Decision-curve analysis compared the net clinical benefit of using the model across probability thresholds against treat-all and treat-none strategies. The model provided greater net benefit than treating all or none in the threshold range of 0.2–0.6, supporting its potential role in guiding preventive therapy prioritization.

Discussion

This study provides new evidence on the clustering of tuberculosis (TB) risk within families of smear-positive index cases in rural Eastern Cape. We observed that children and larger households were disproportionately classified as high-risk contacts, confirming the recognized vulnerability of younger populations to TB infection and progression.

Risk Predictors and Vulnerable Populations

Age emerged as a strong, independent predictor, with children under 15 years nearly 2.5 times more likely to be high risk compared to adults.

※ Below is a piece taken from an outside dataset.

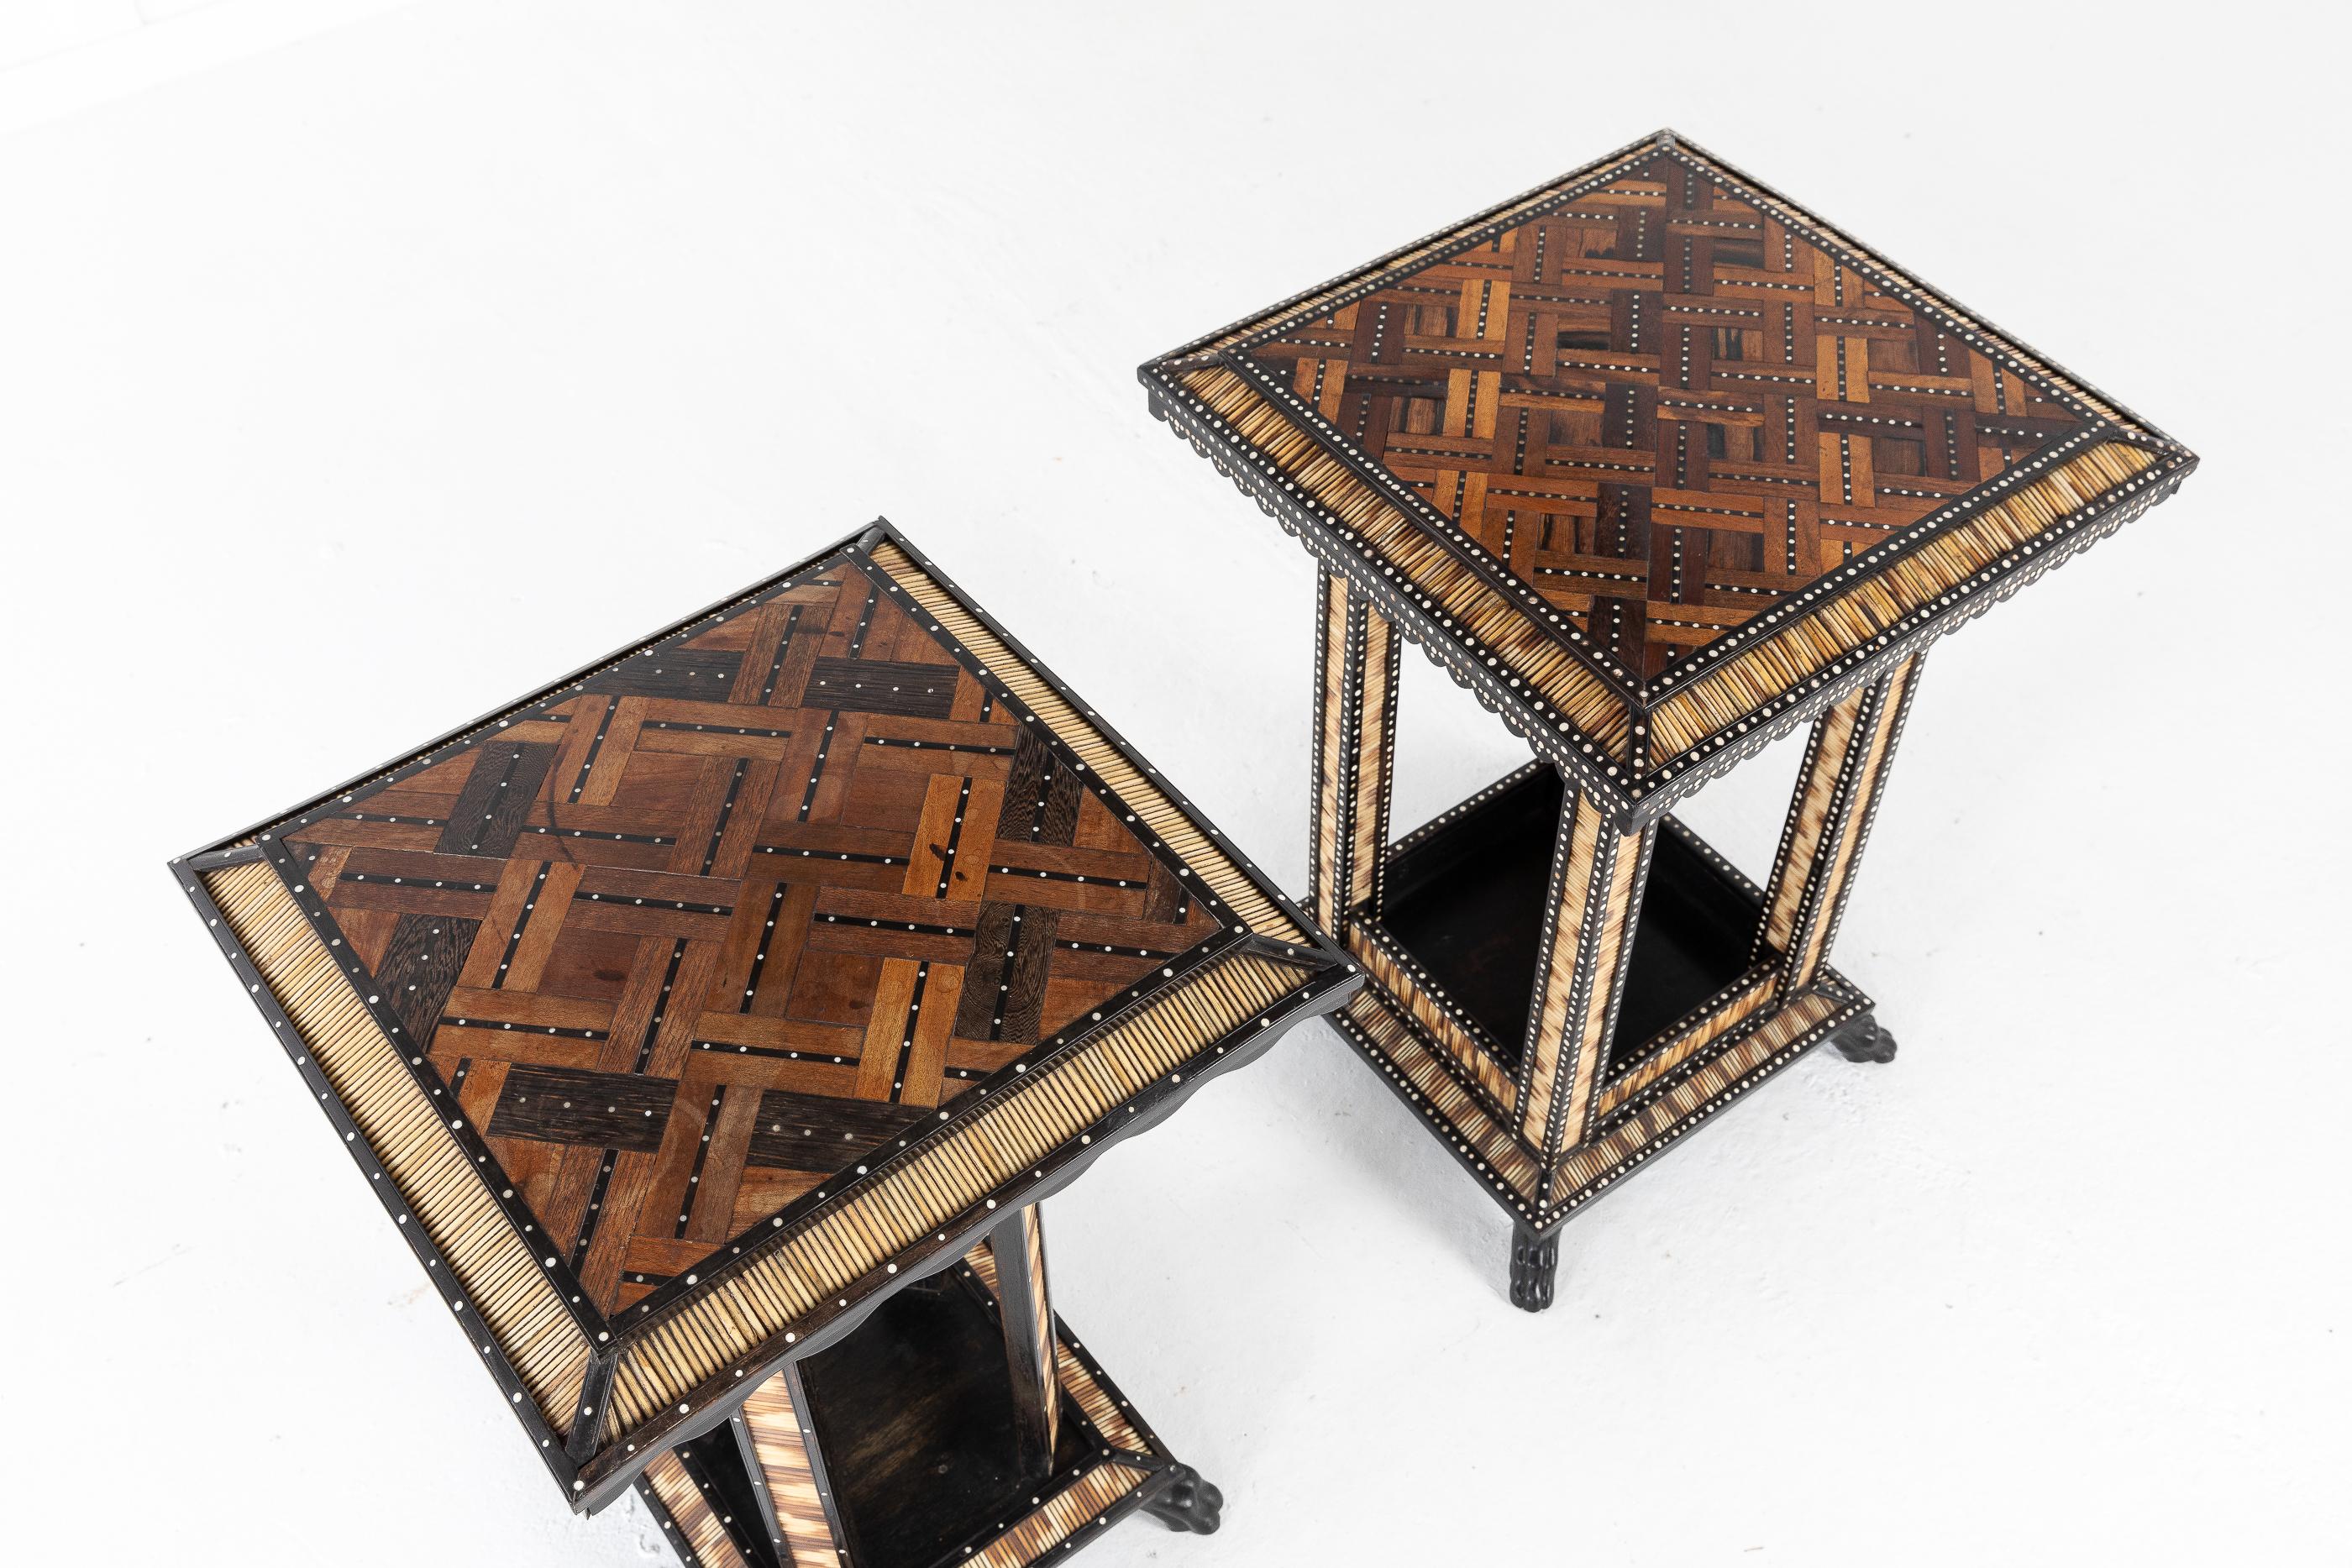 19th century, matched pair of Ceylonese, ebony and ebonized, bone inlaid occasional tables with porcupine quills. Inlaid specimen wood tops.

These tables were fully restored in our workshops, replacing all the missing quills and bone using quill

This aligns with international findings, such as those by Afshari et al., which showed a significantly higher infection risk for children under six in large families within hyperendemic settings [19]. Furthermore, our results reinforce WHO guidance that children under five and immunocompromised individuals must be prioritized for systematic screening and preventive therapy (TPT) [20]. The finding that the youngest age groups were disproportionately high risk is particularly concerning, as South African studies show children represent the largest reservoir of preventable TB morbidity and mortality in high-burden communities [26,27,28].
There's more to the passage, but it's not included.